PROBLEM TO SOLVE
Go through the listing below and retype exactly the lines starting at the one with "Sifang Art Museum by Steven Holl" and ending at the one with "2pcs Warning Triangle", skipping pictures.

:: DATA SUPPLIED

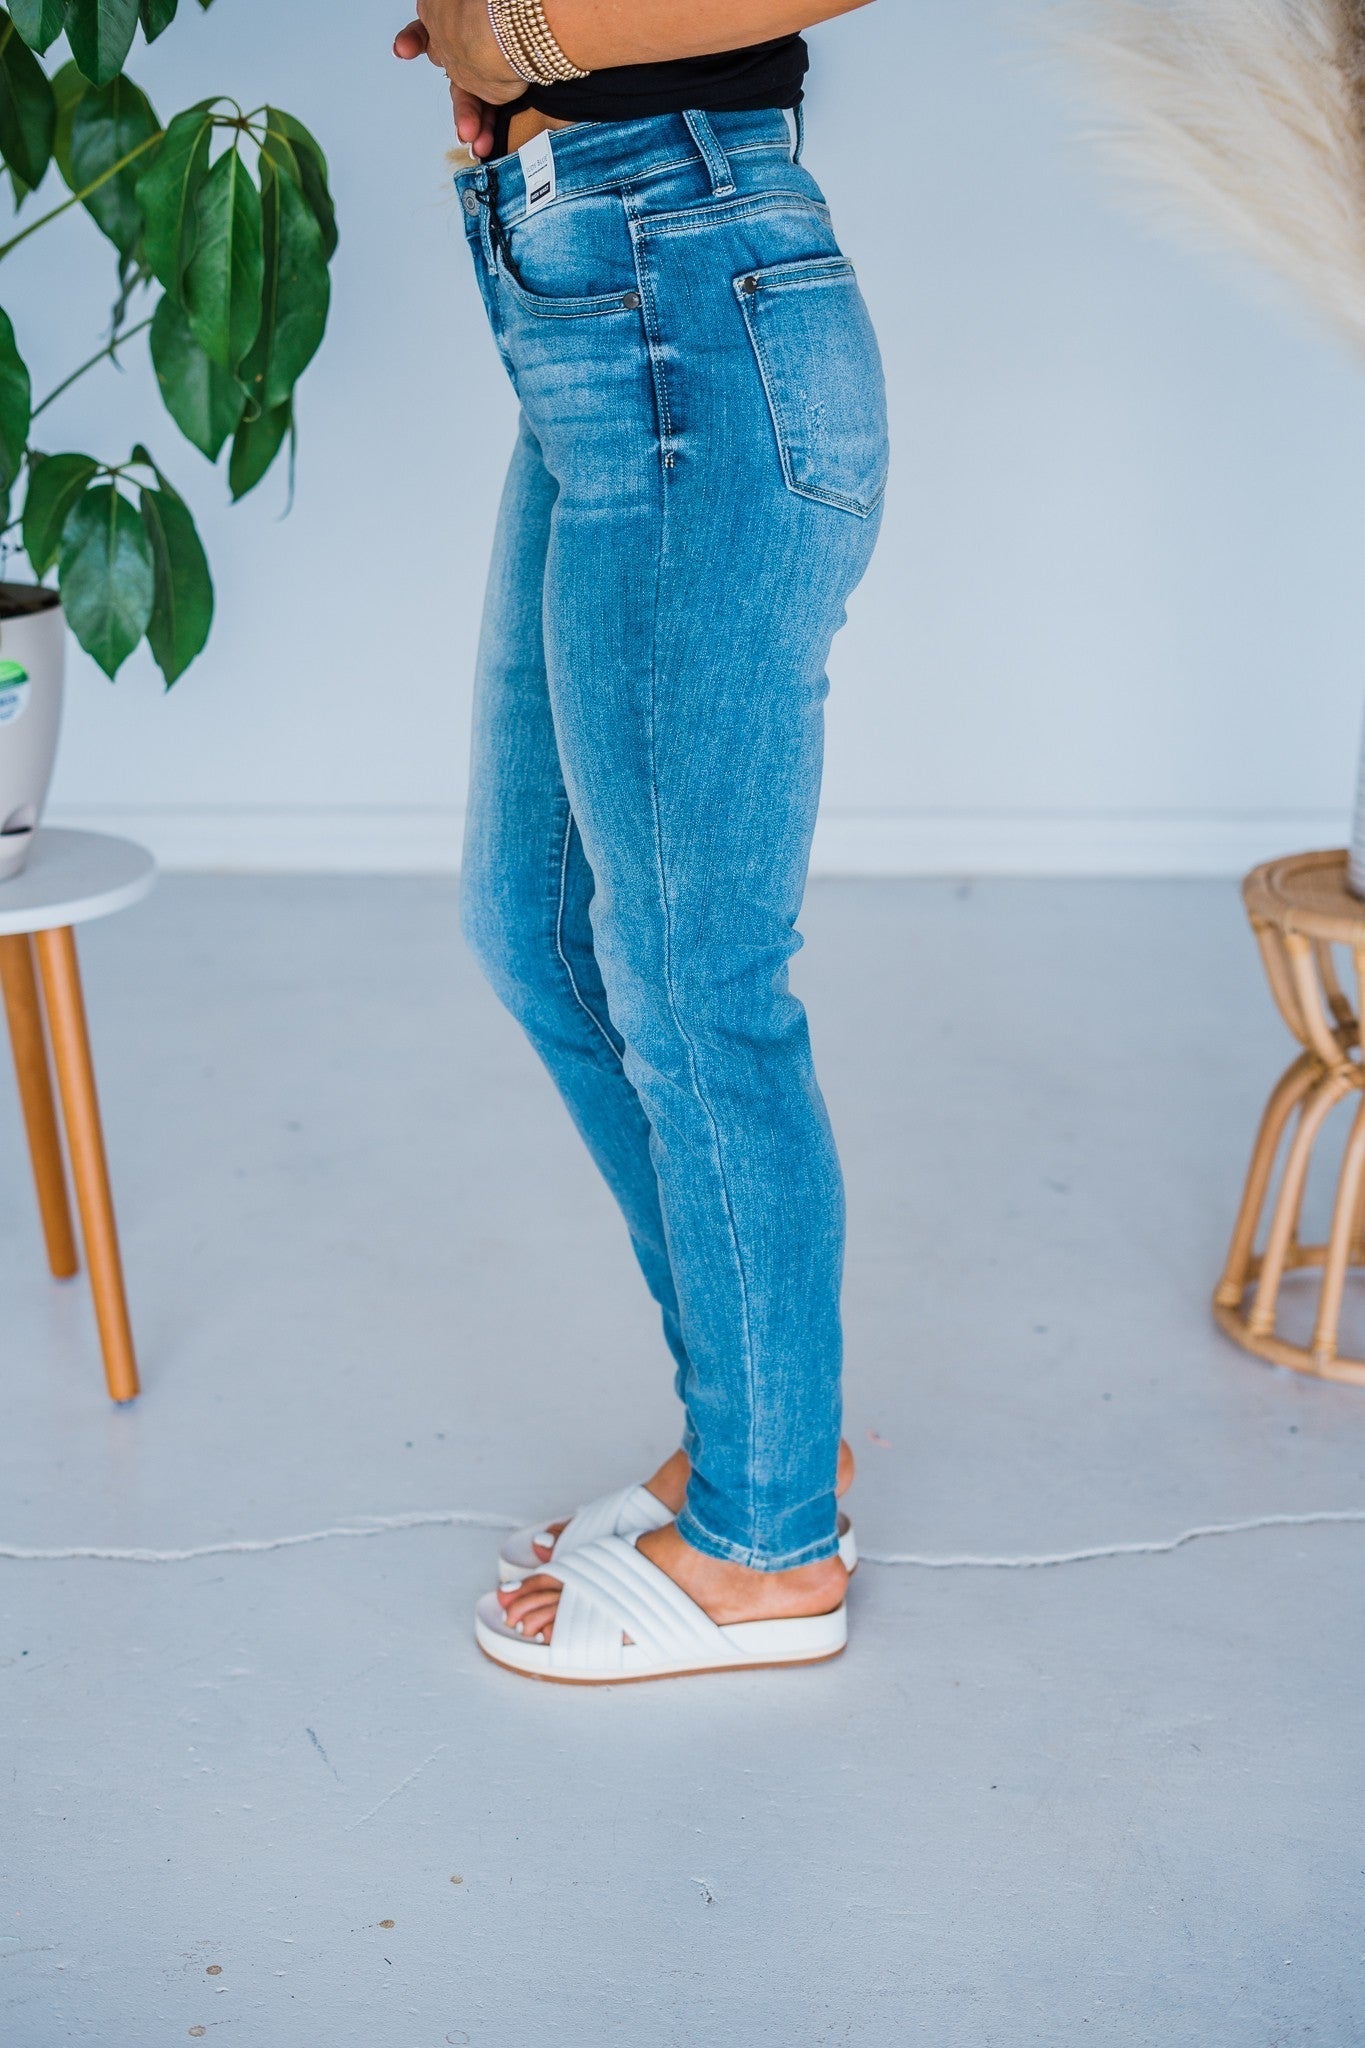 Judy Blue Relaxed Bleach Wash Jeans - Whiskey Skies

::::
:: DATA SUPPLIED

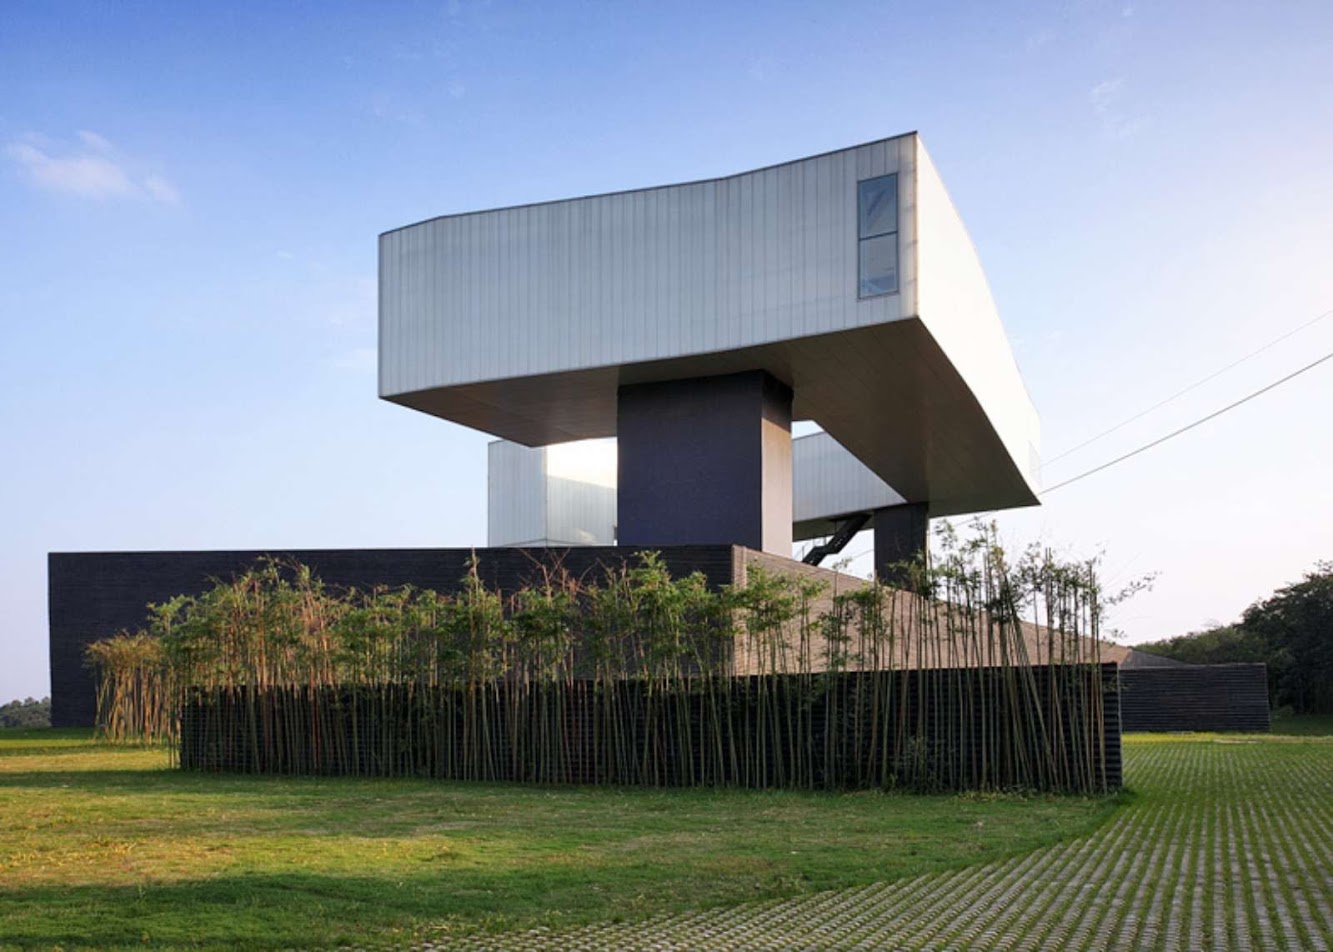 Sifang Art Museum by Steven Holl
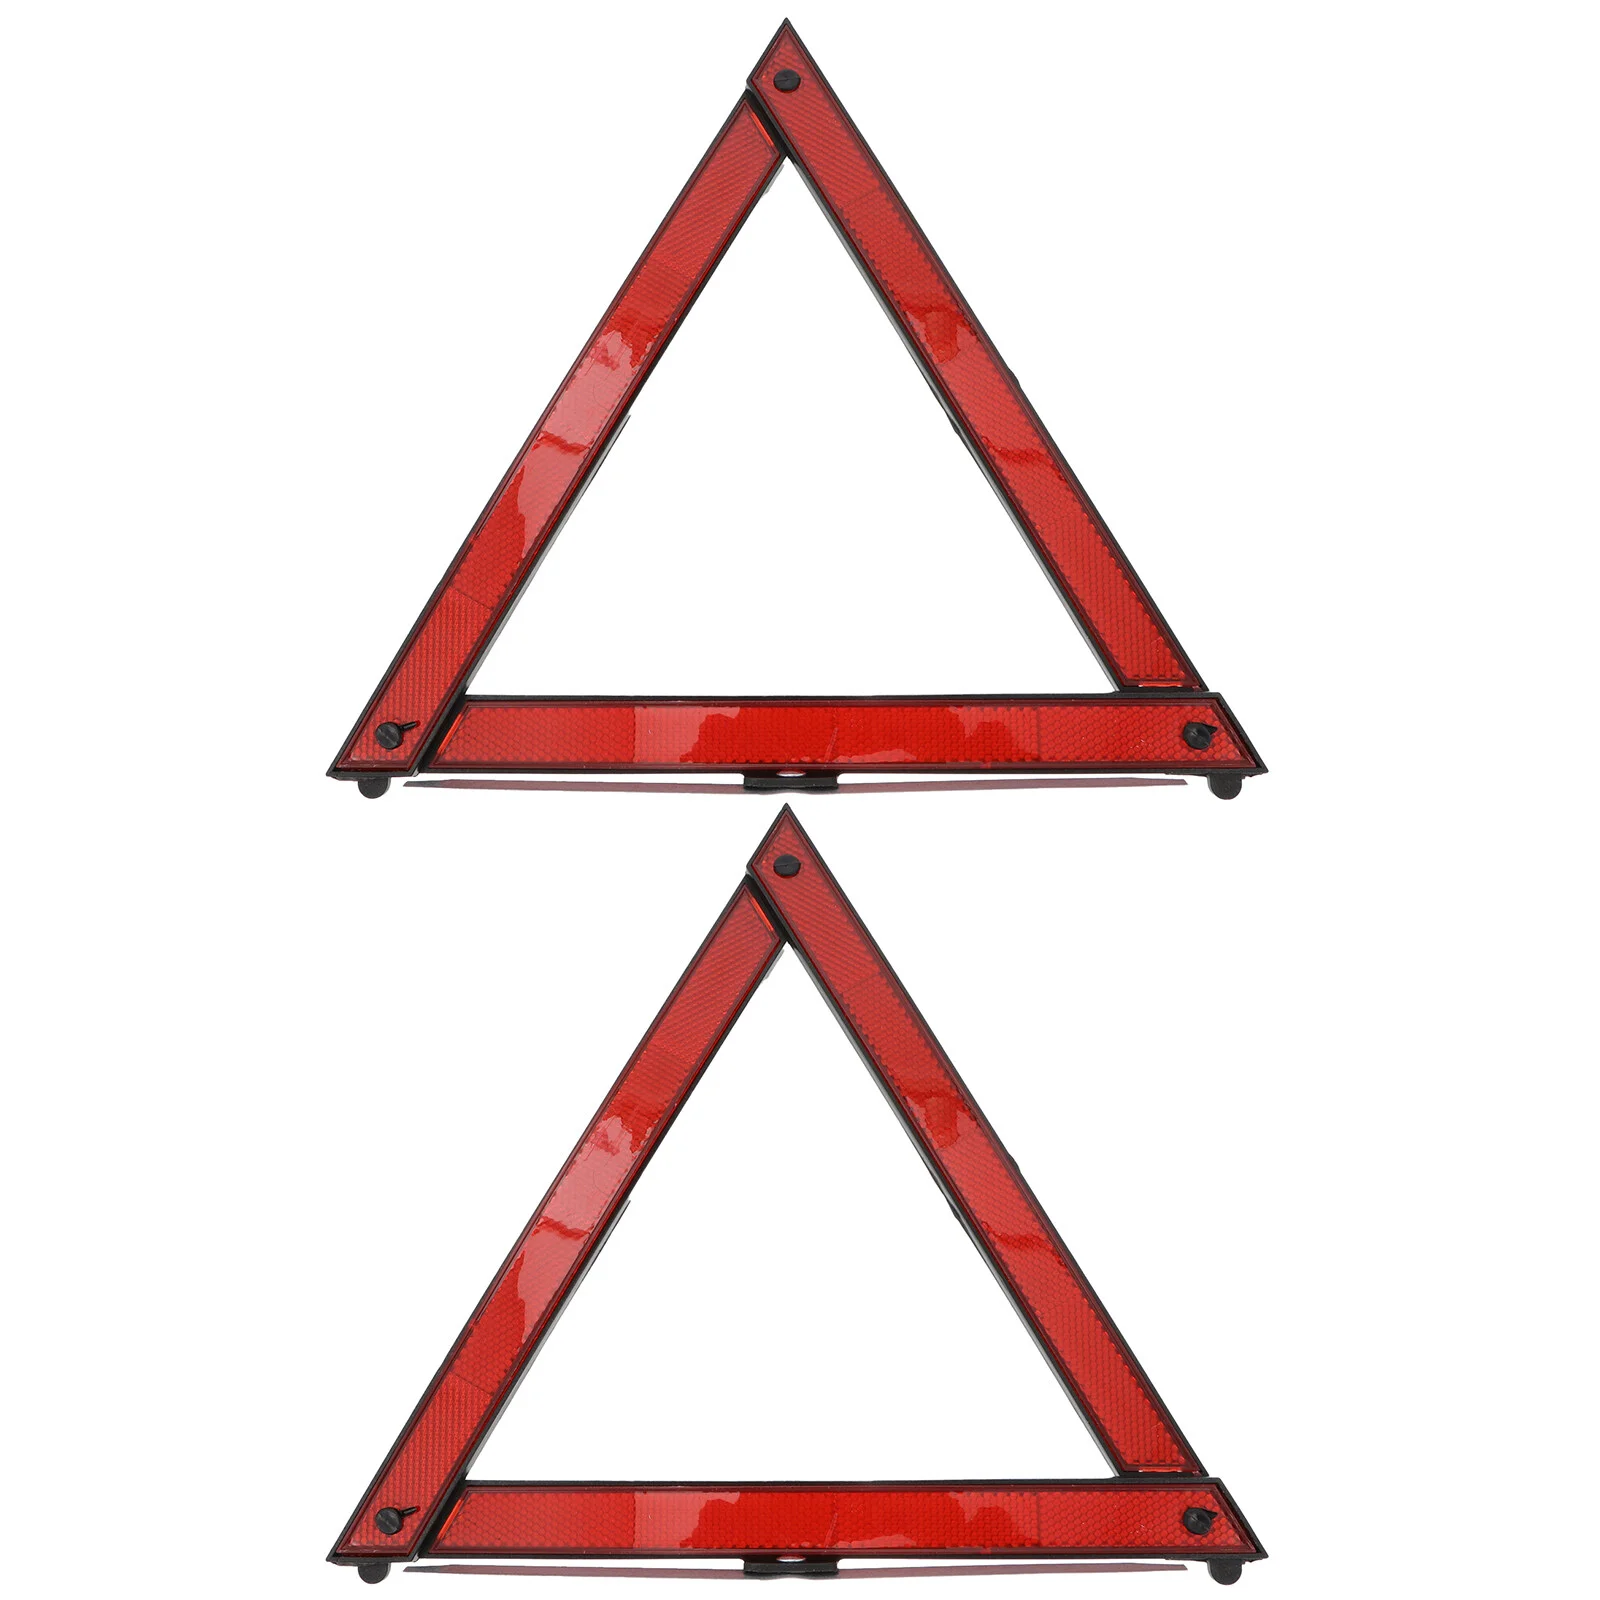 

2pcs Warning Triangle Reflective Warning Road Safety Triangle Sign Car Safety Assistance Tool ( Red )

::::

RESULT OF THE EXERCISE
 Sifang Art Museum by Steven Holl

2pcs Warning Triangle Reflective Warning Road Safety Triangle Sign Car Safety Assistance Tool ( Red )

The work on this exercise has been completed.